You may argue that “you cannot blow up (or burn down) a social relationship”, to which many will reply “but you can dismantle the material institutions which inform and enforce those social relationships”. But the ideological arguments are largely moot: no matter how vociferous or persistent your arguments against attacks on property, there will always be those who will disagree with you, some more respectfully than others, and there will always be those who will make their disagreement evident through their actions. It is vital that we do not vilify them because of these disagreements, as the desperation of their actions will increase in proportion to the persecution visited upon them. The liberal and progressive left is fond of citing this axiom when it comes to criticizing U.S. foreign policy in the Middle East, but is loathe to apply the lesson in its own ranks.

By no means am i suggesting that we should accept and support the work of anti-war, anti-imperialist underground groups, no matter what. What i’m suggesting is that the parameters of what we consider acceptable and worthy of support should be decided based upon our own ethical and strategic determinations, not the laws of the state. Any attempts to hold such groups accoutable for activities we deem unacceptable should be undertaken by ourselves and no one else—under no circumstances should the responsibility for holding others accountable be delegated to law enforcement, nor should any encroachment by law enforcement be tolerated. And accountability should be undertaken in good faith and on equal terms, recognizing that underground resistance cannot be willed away or forced into submission—it will only strike back ten-fold. How do you think we got to the point where countless people now lie dead in the rubble of the World Trade Center towers?
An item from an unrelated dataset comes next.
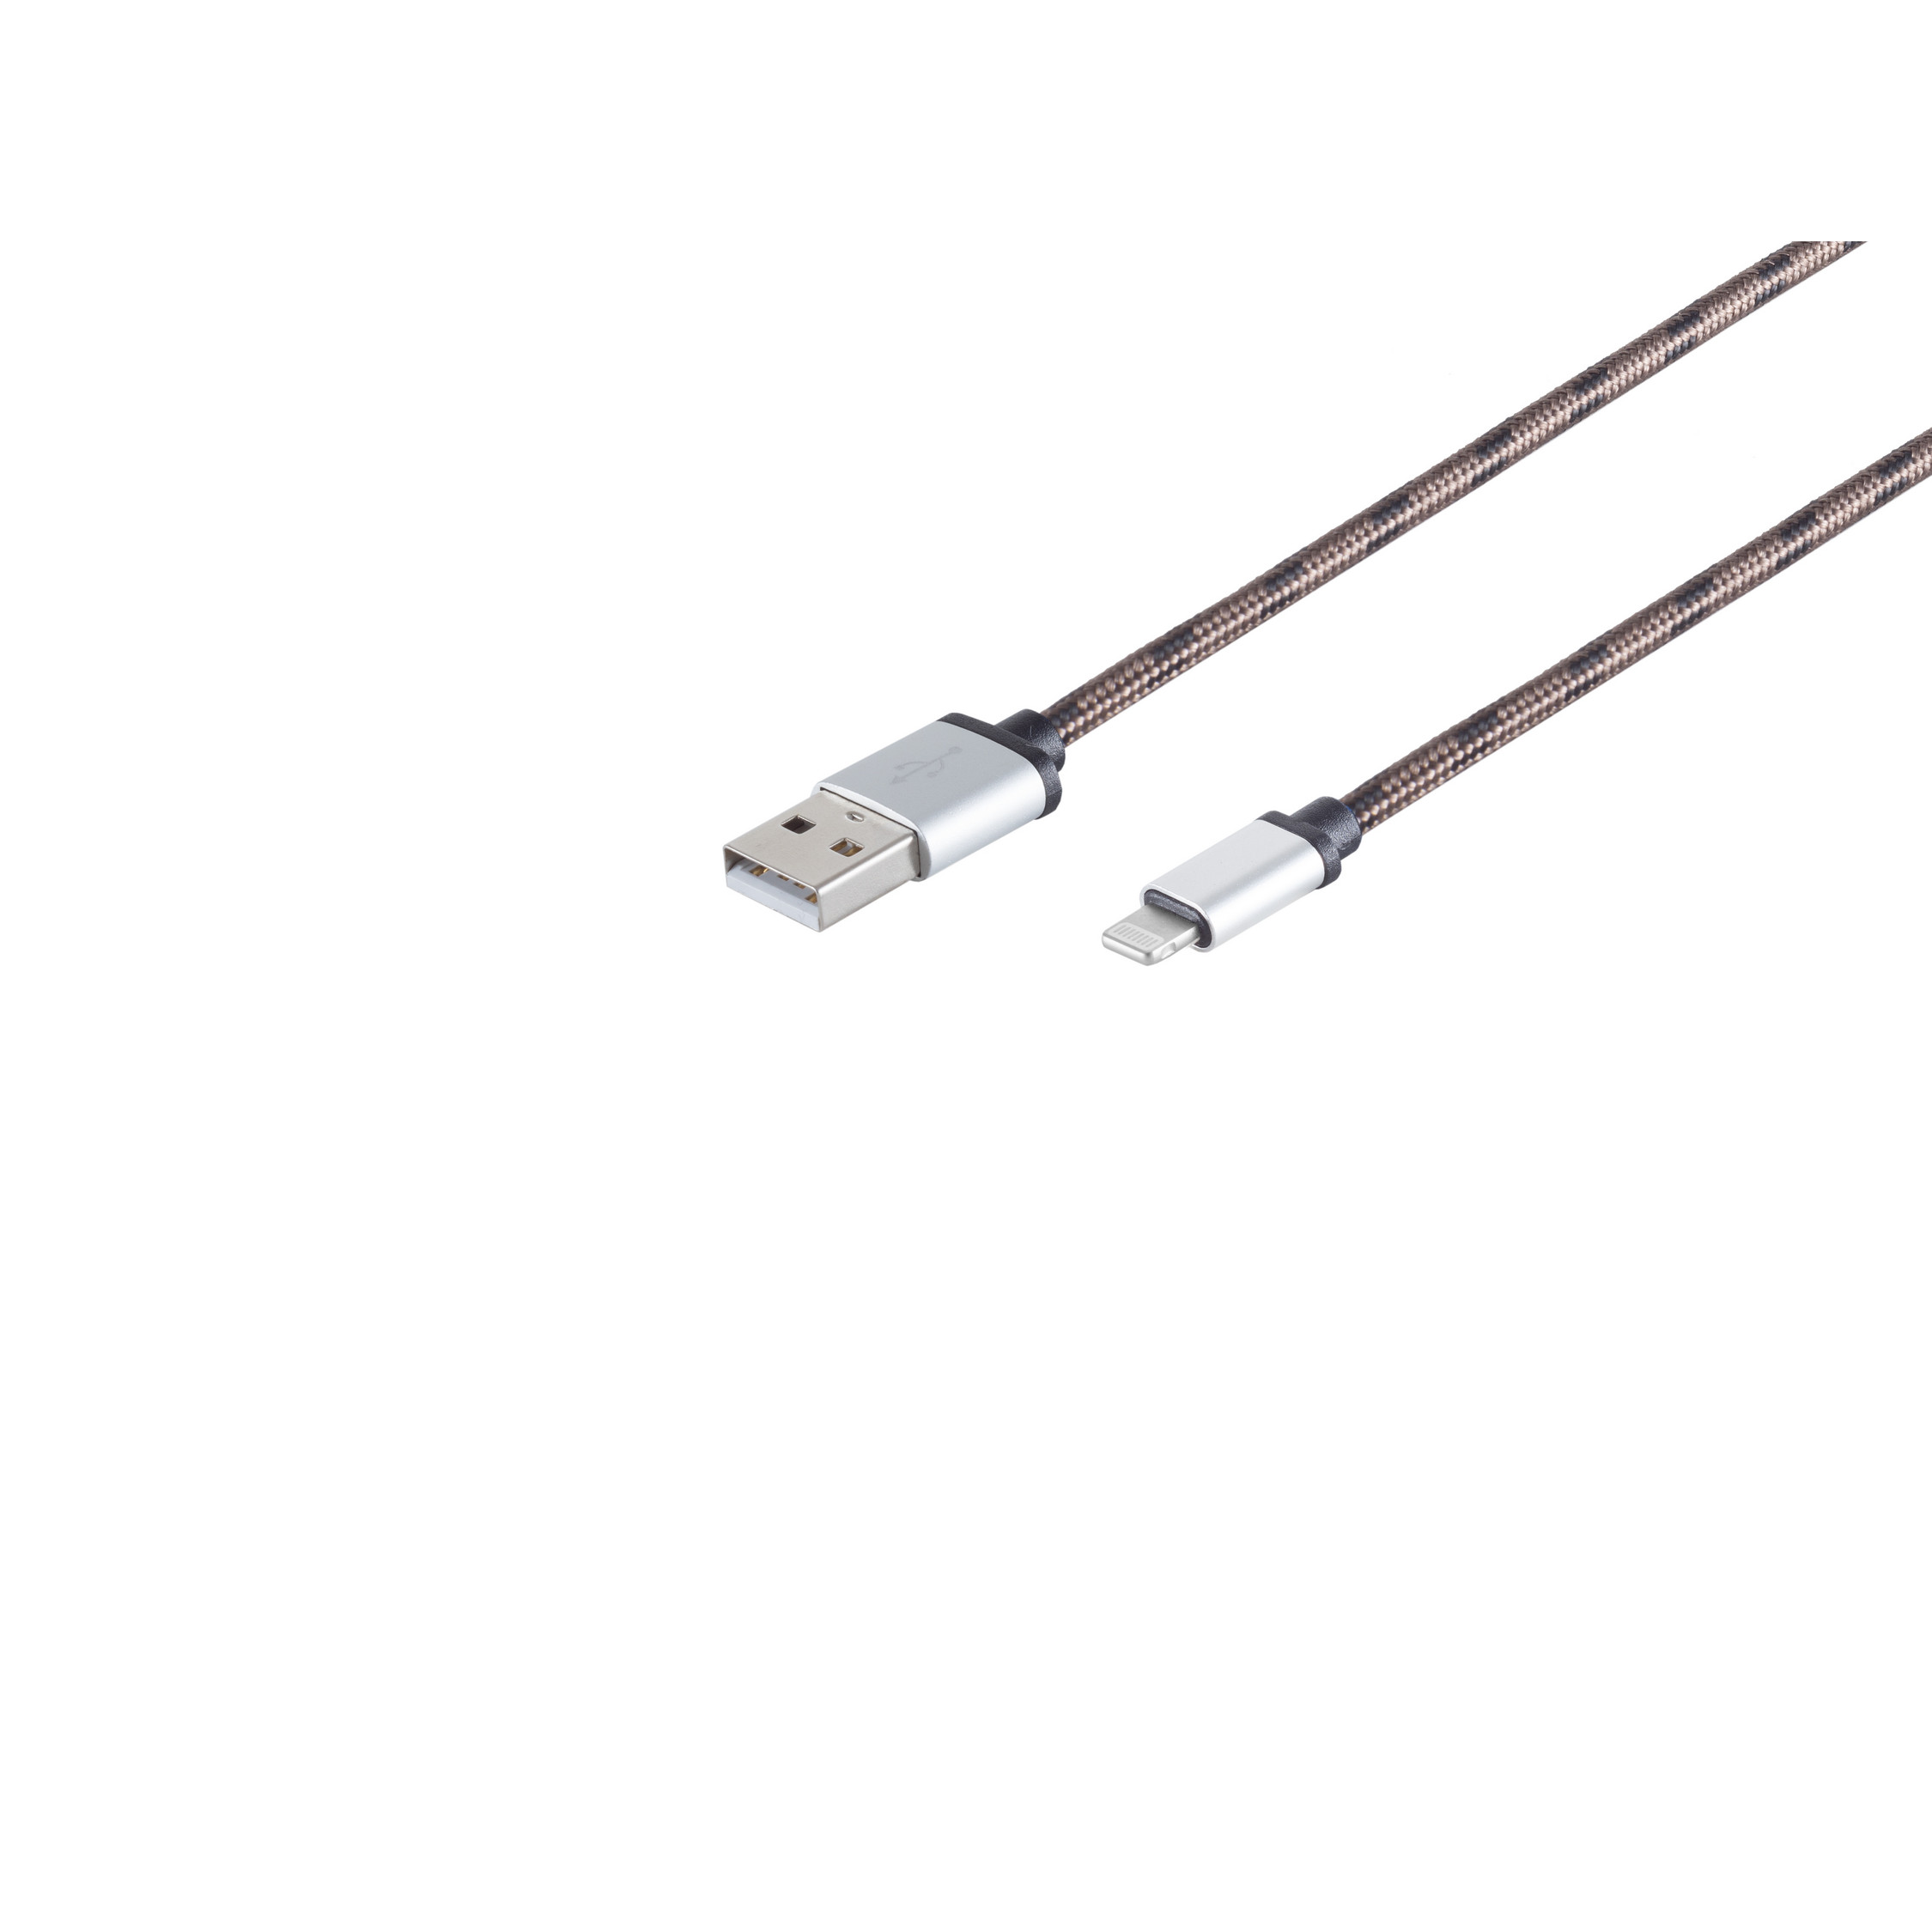 S/CONN MAXIMUM CONNECTIVITY USB-Ladekabel USB 8-pin braun A Stecker Stecker auf Kabel 2m
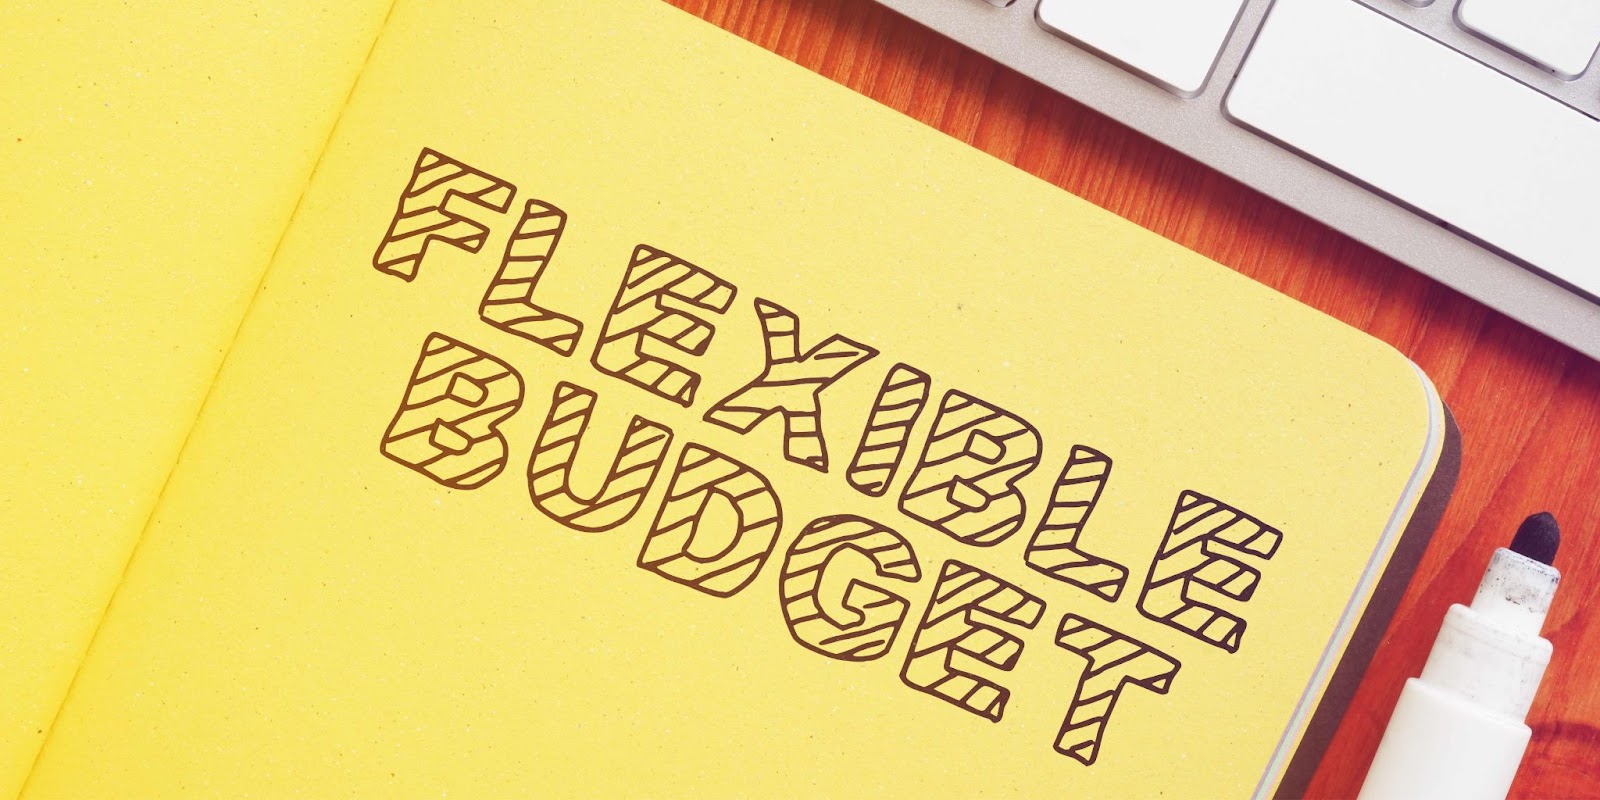 Flexible Budget

Just as many of us are urging restraint against the swell of vengeance in the wake of the attacks on the World Trade Center and Pentagon, we must similarly urge restraint against the repression of those people who will inevitably take it upon themselves to put their bodies on the line—where our urgent voices have failed—to halt the war machine in its tracks. As they fight for the freedom of victims of U.S. imperialism, we must fight for theirs.

1. By “underground”, I refer not to people who form themselves into security-conscious affinity groups for occasional actions while remaining politically active (and hence supported by and accountable to a larger community), but those people whose commitment to struggle has moved them to the use of certain tactics which obliges them to abandon their political communities and work to avoid prosecution of themselves and the friends and comrades with whom they associated. The greater and the more comprehensive the state repression, the greater the number of people obliged to go underground to maintain their commitment to struggle.